Task: Please reproduce all the data exactly as written and omit the pictures.

Input data:
★ ★ ★

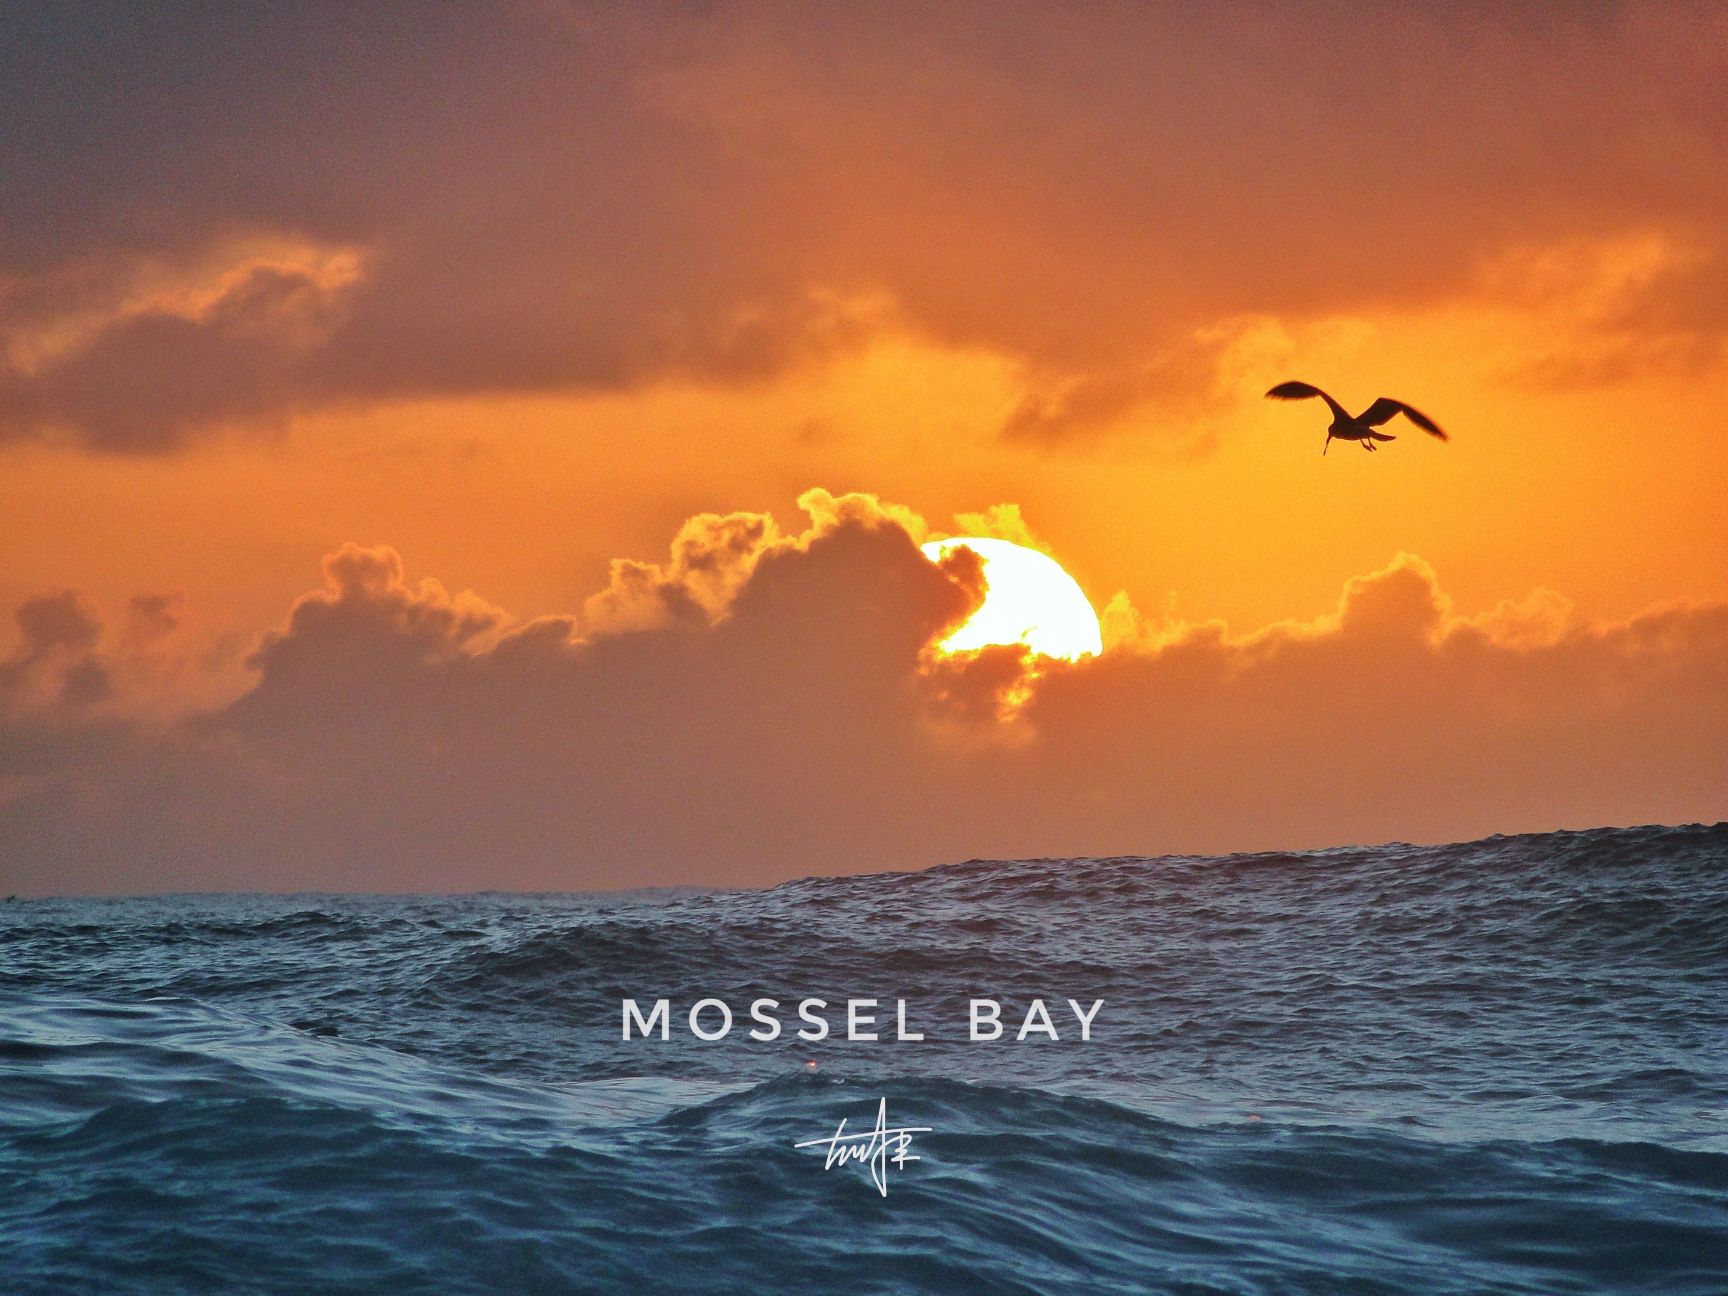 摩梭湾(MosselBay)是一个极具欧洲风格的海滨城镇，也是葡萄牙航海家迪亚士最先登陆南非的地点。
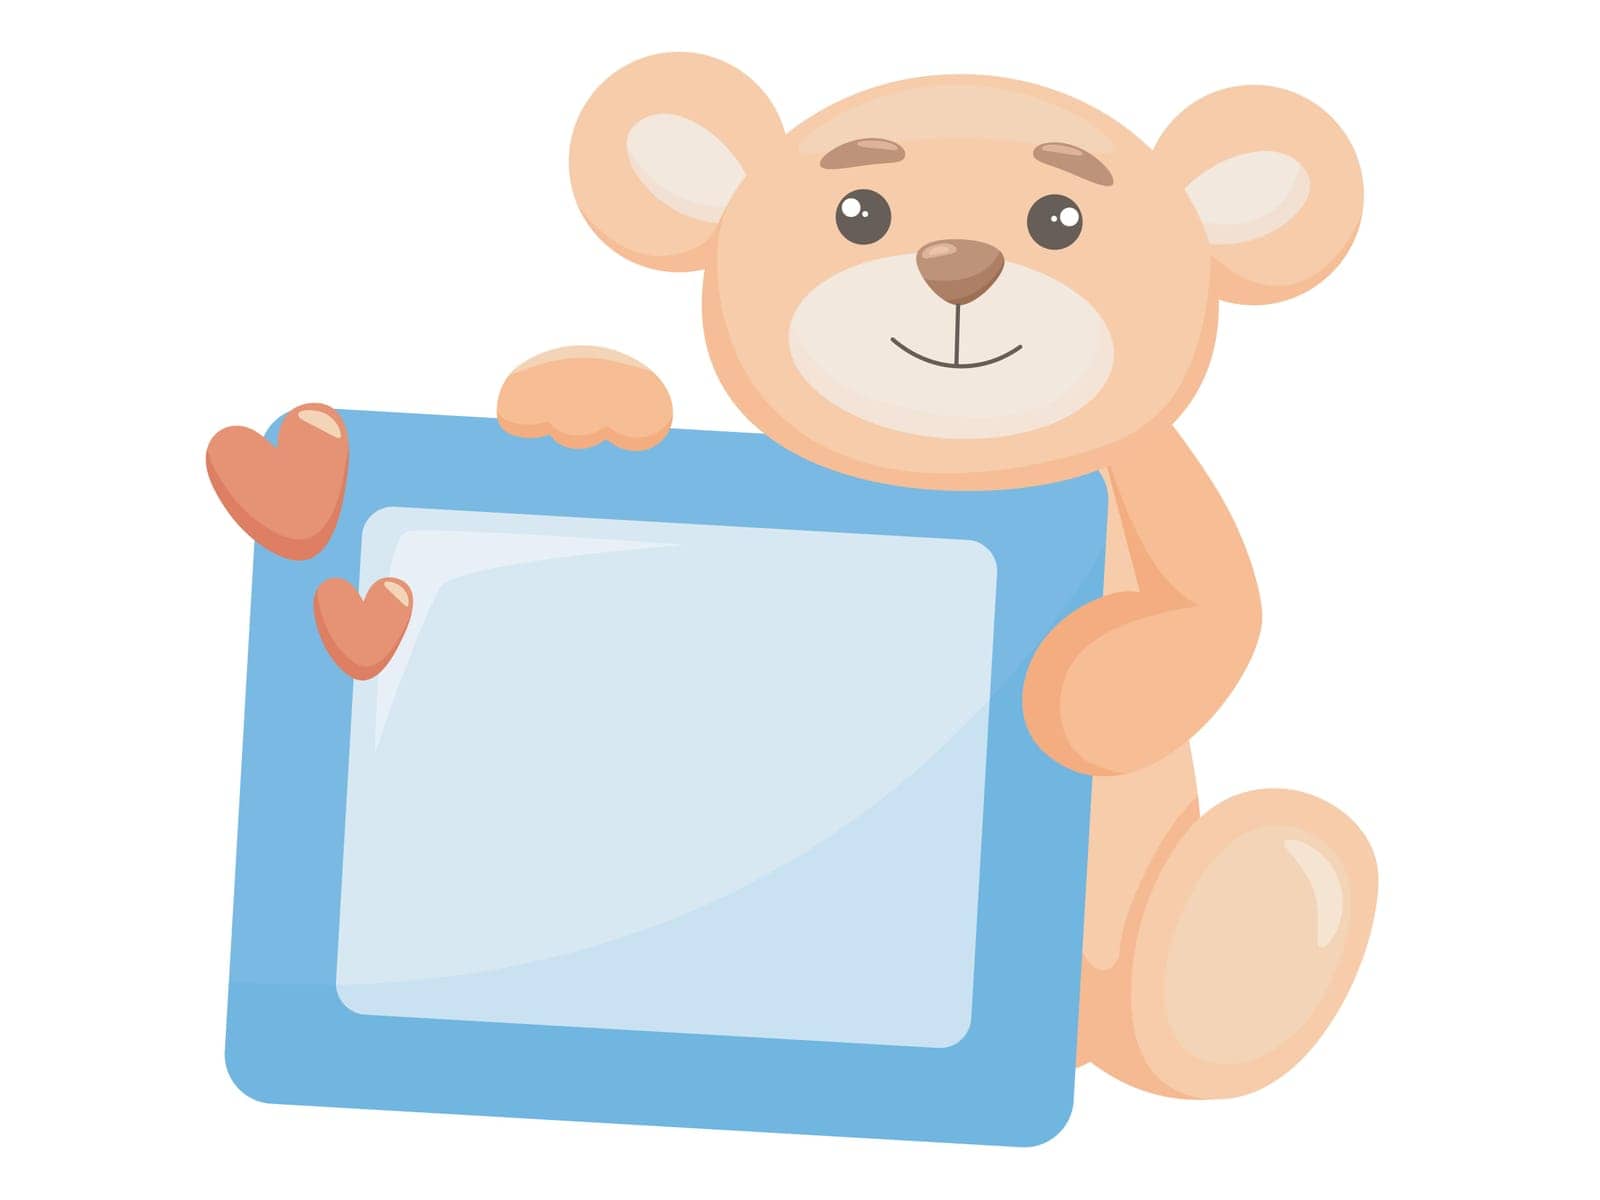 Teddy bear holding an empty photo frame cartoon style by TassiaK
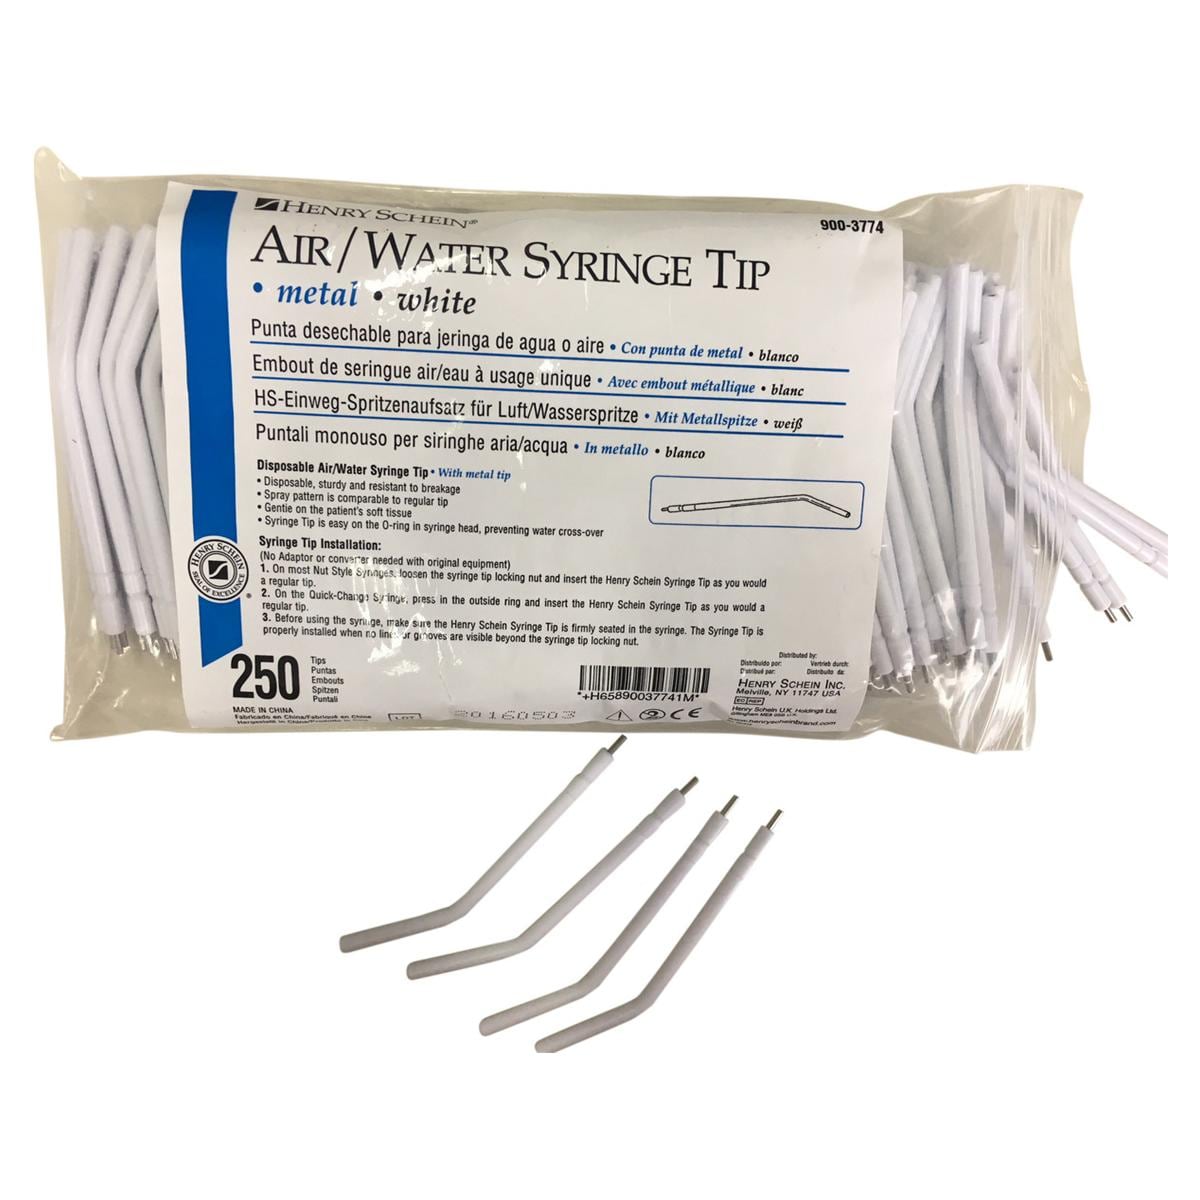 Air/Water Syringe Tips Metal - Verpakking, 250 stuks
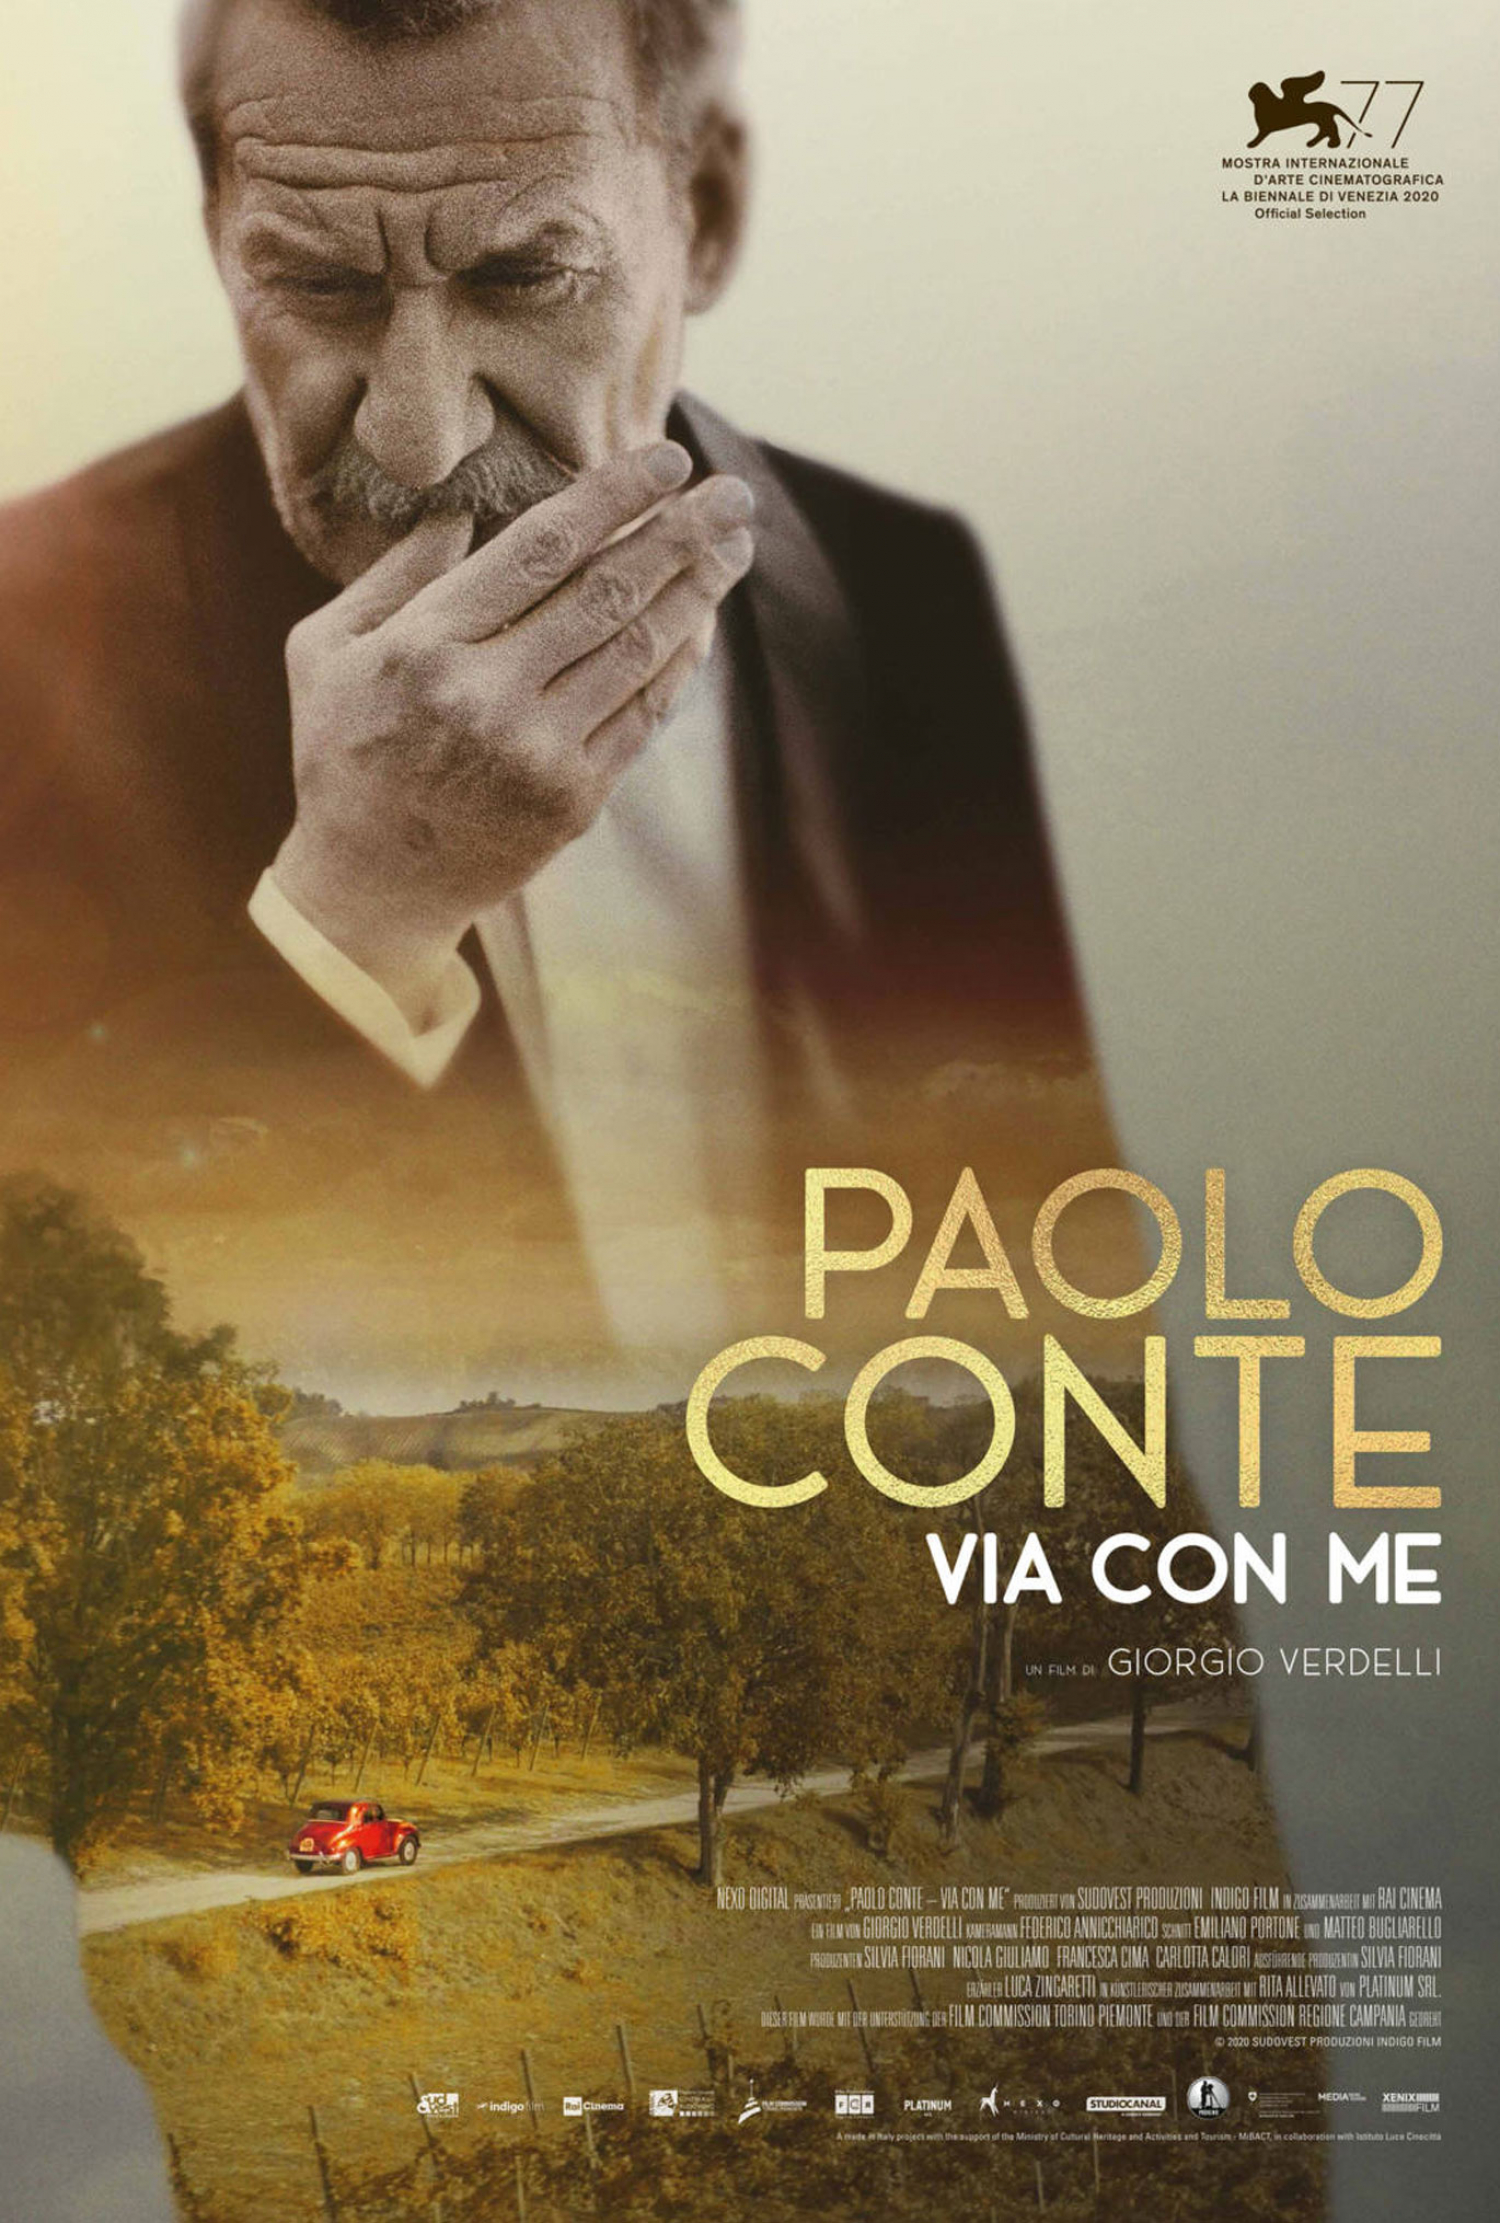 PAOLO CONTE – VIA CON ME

★ ★ ★

Solution:
 摩梭湾(MosselBay)是一个极具欧洲风格的海滨城镇，也是葡萄牙航海家迪亚士最先登陆南非的地点。
 Teddy bear holding an empty photo frame cartoon style by TassiaK
 Air/Water Syringe Tips Metal - Verpakking, 250 stuks
 PAOLO CONTE – VIA CON ME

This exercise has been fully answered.